* [What the task requires]
Transcribe every line of the material below without change, apart from dropping the pictures.

* [Dataset section]
--
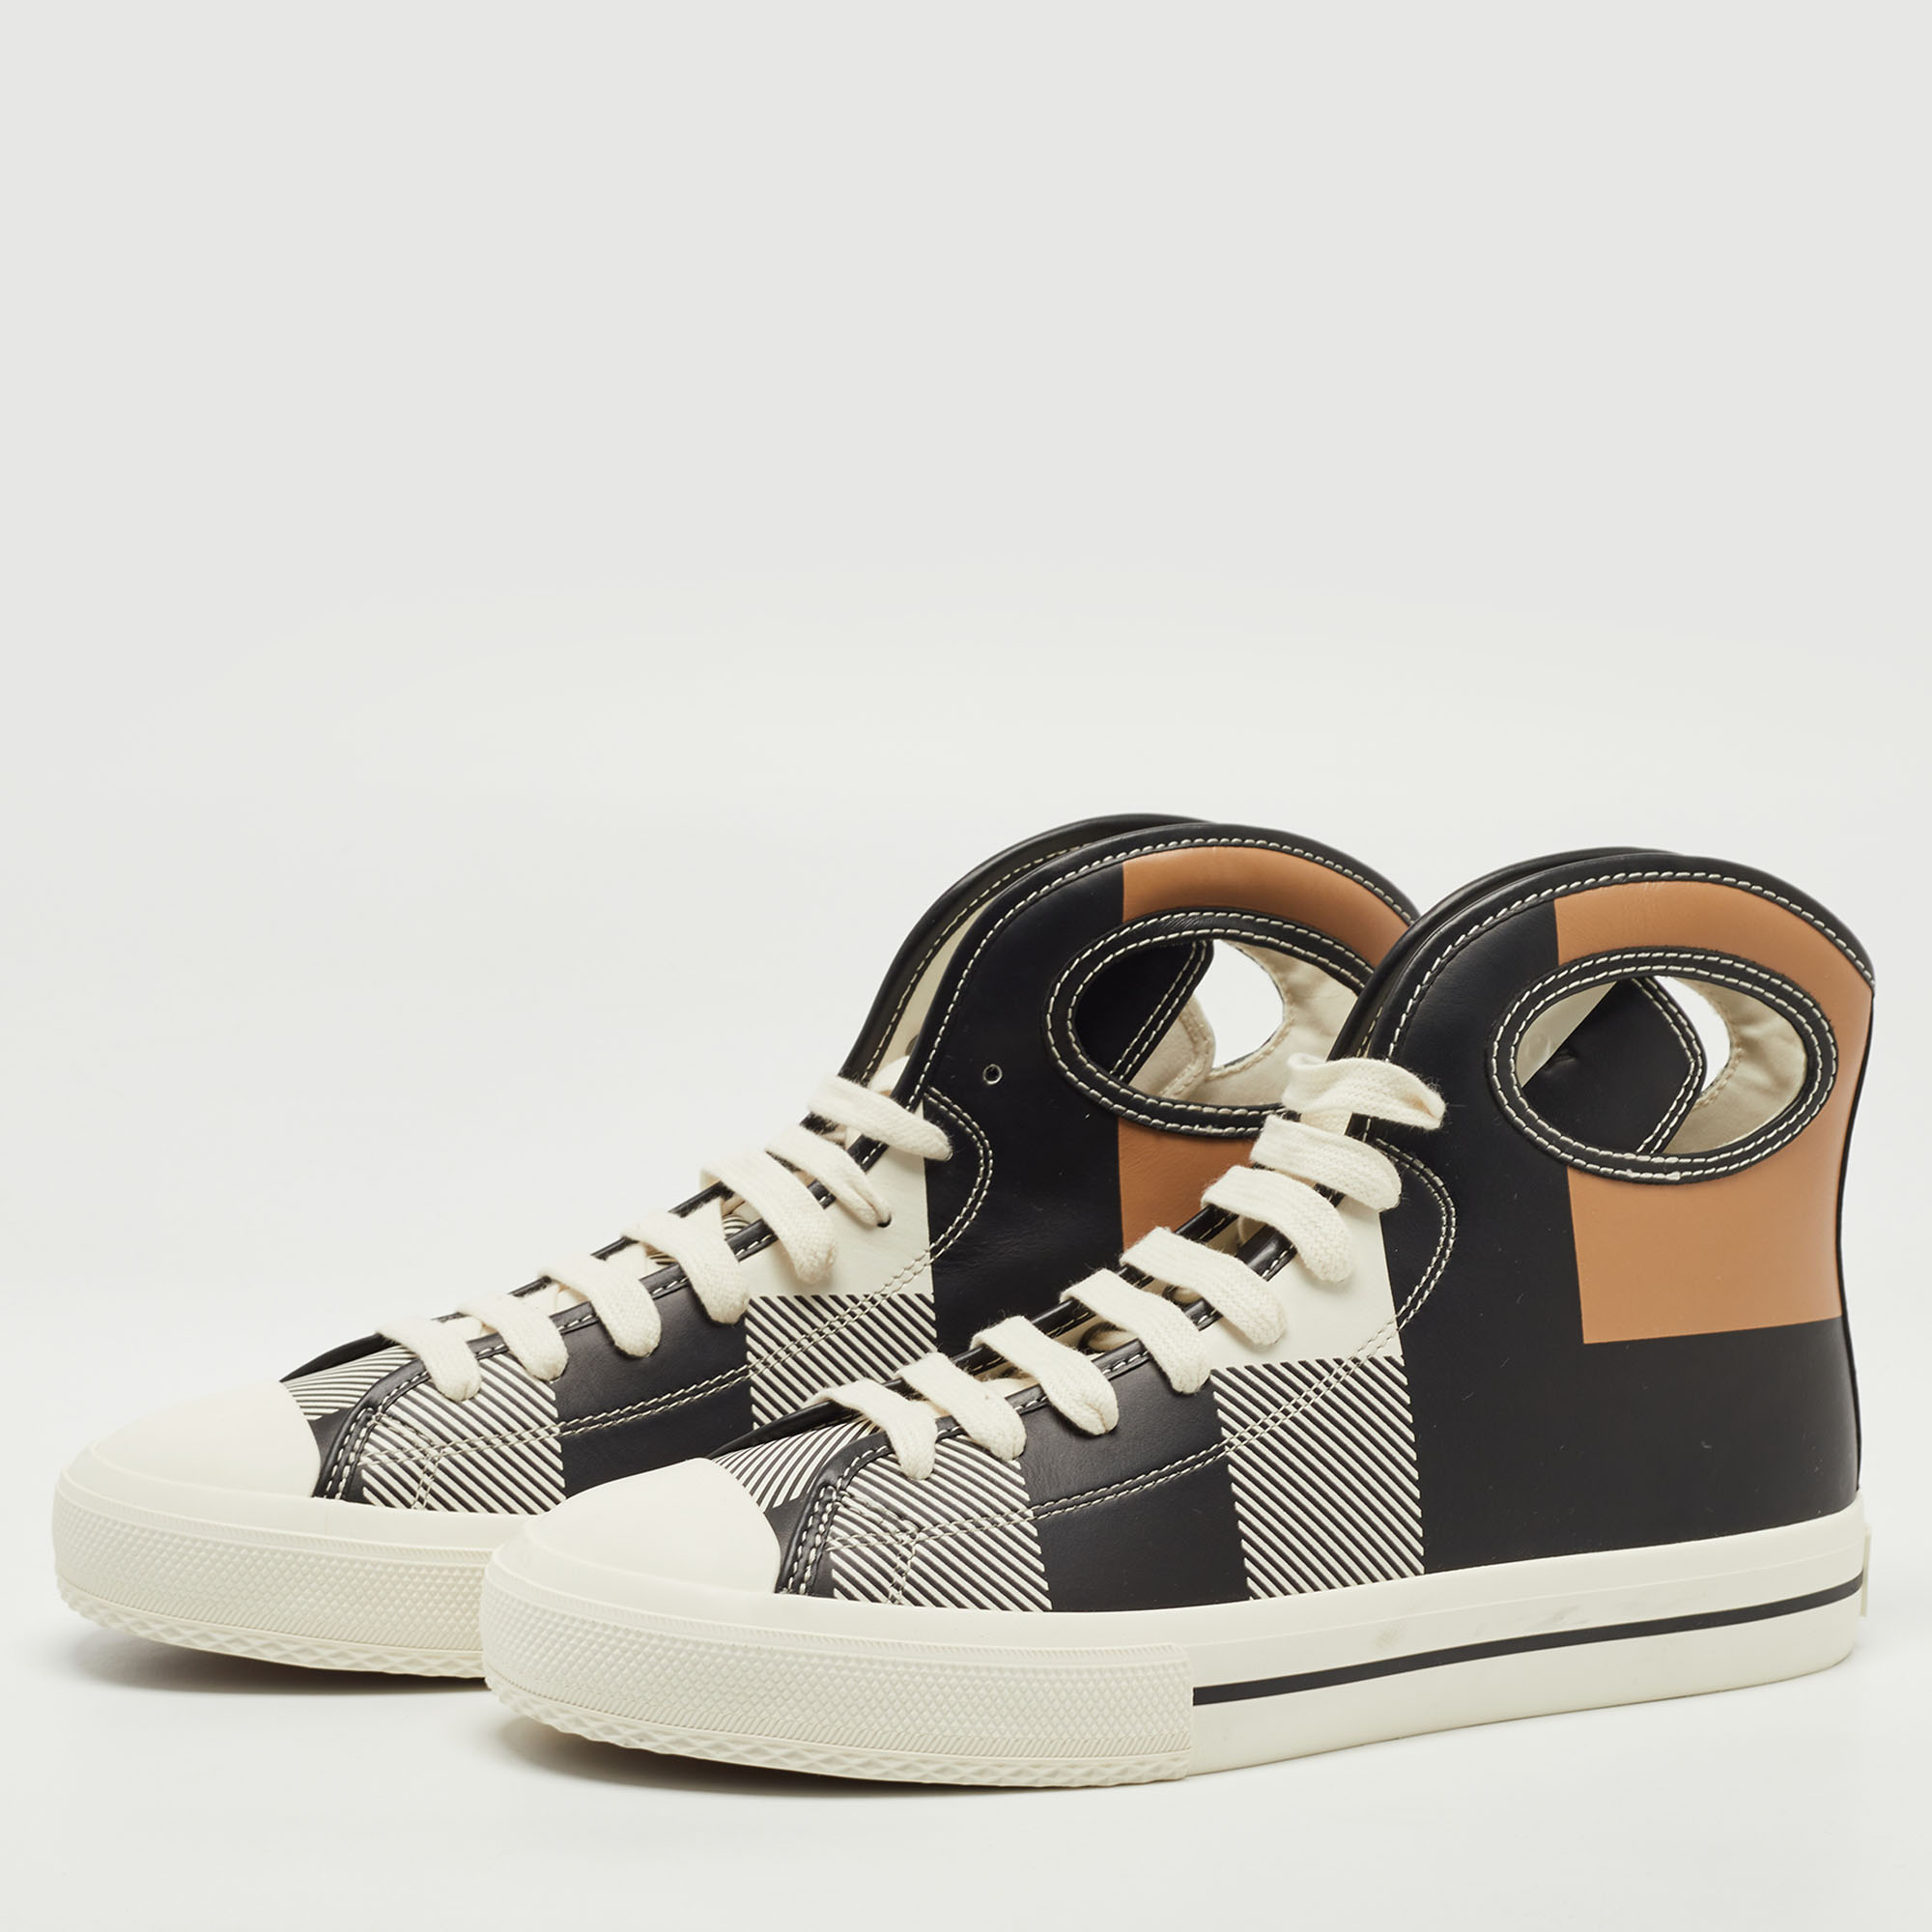 

Burberry Tricolor Leather Larkhall High Top Sneakers Size, Black
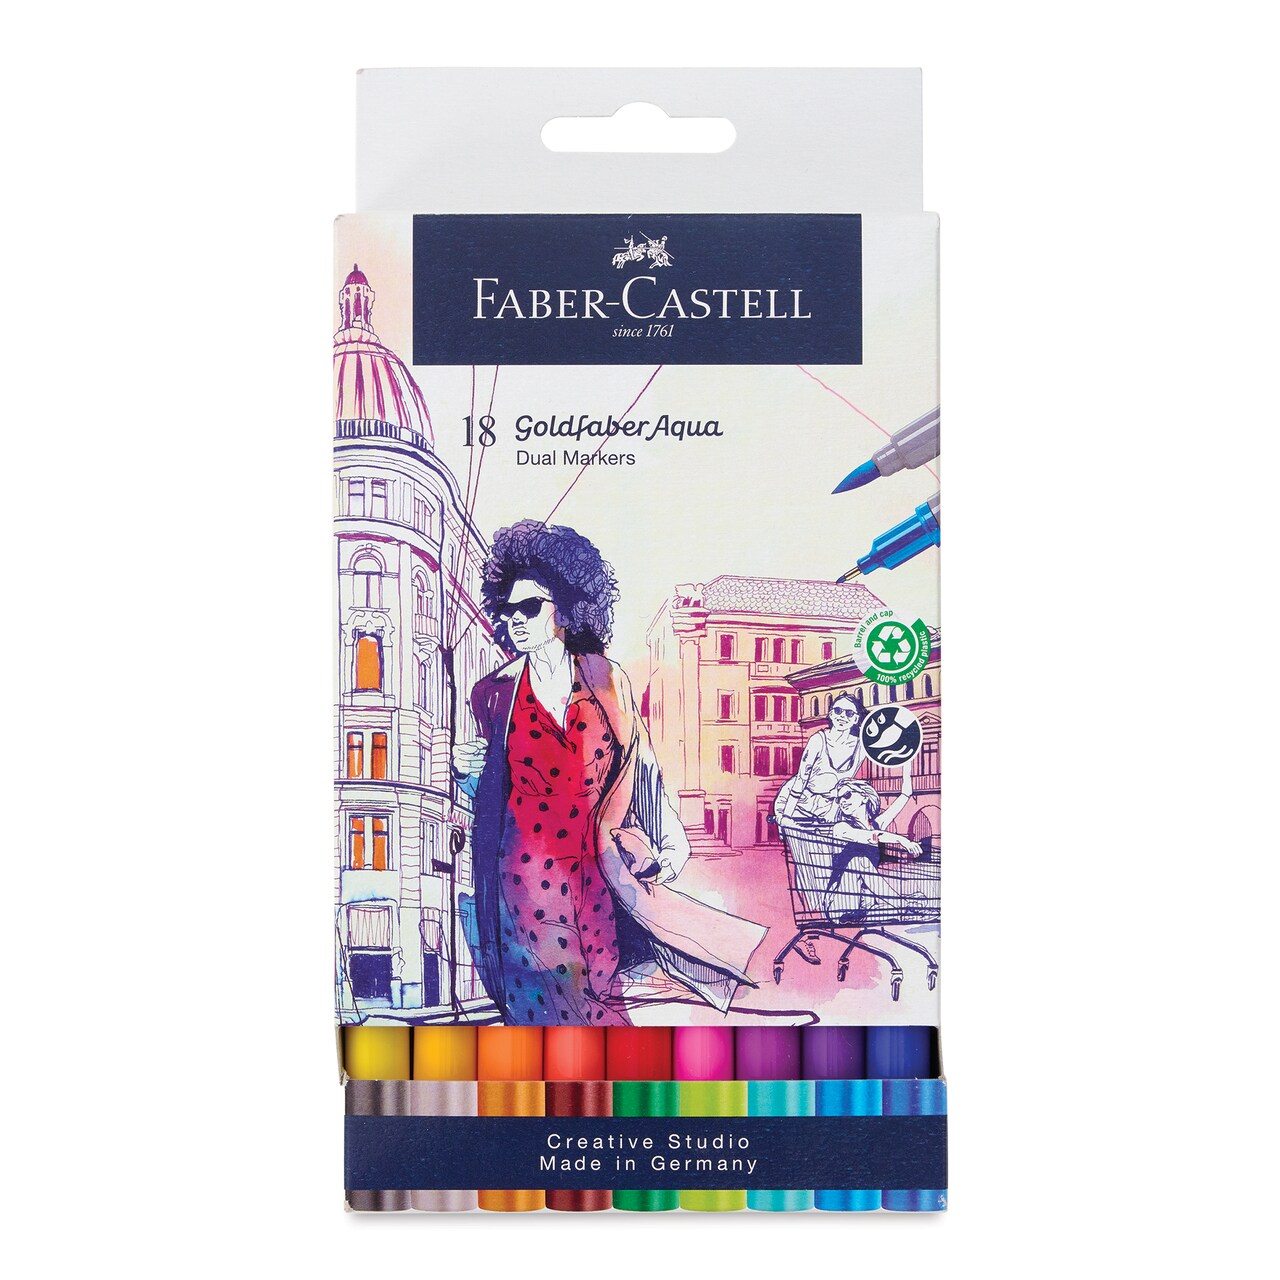 Faber-Castell Goldfaber Aqua Dual Markers - Assorted, Set of 18
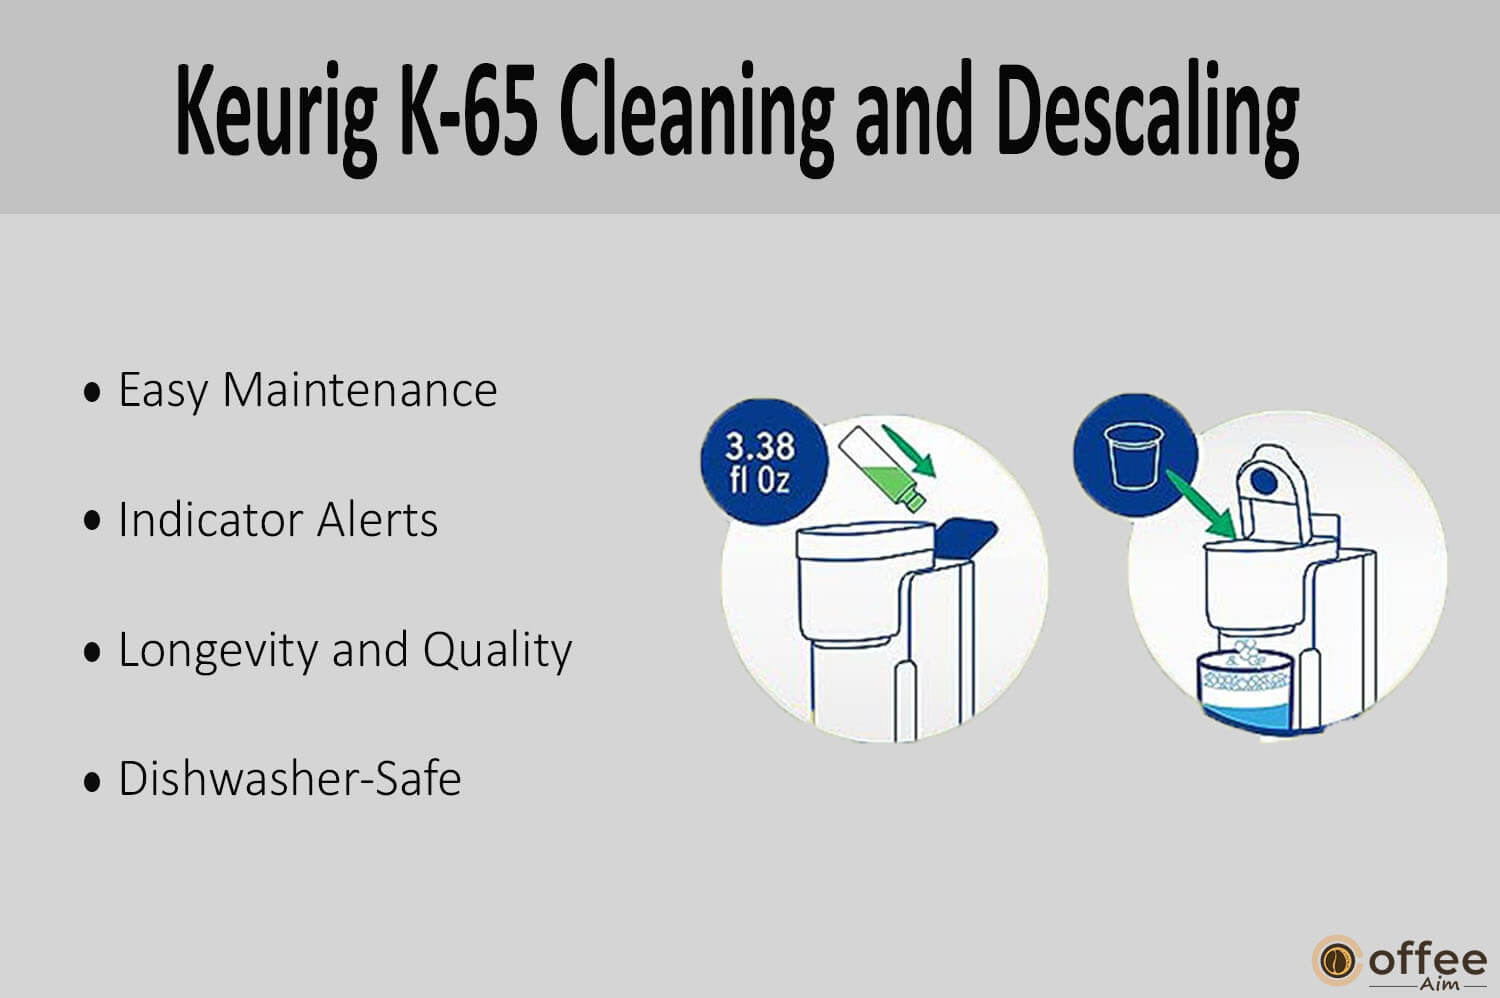 "The image offers a clear depiction of the cleaning and descaling processes for the Keurig K-65 machine, complementing our in-depth Keurig K-65 review and ensuring readers understand its maintenance requirements."
--
* [Your response]
Burberry Tricolor Leather Larkhall High Top Sneakers Size, Black
 Faber-Castell Goldfaber Aqua Dual Markers - Assorted, Set of 18
 "The image offers a clear depiction of the cleaning and descaling processes for the Keurig K-65 machine, complementing our in-depth Keurig K-65 review and ensuring readers understand its maintenance requirements."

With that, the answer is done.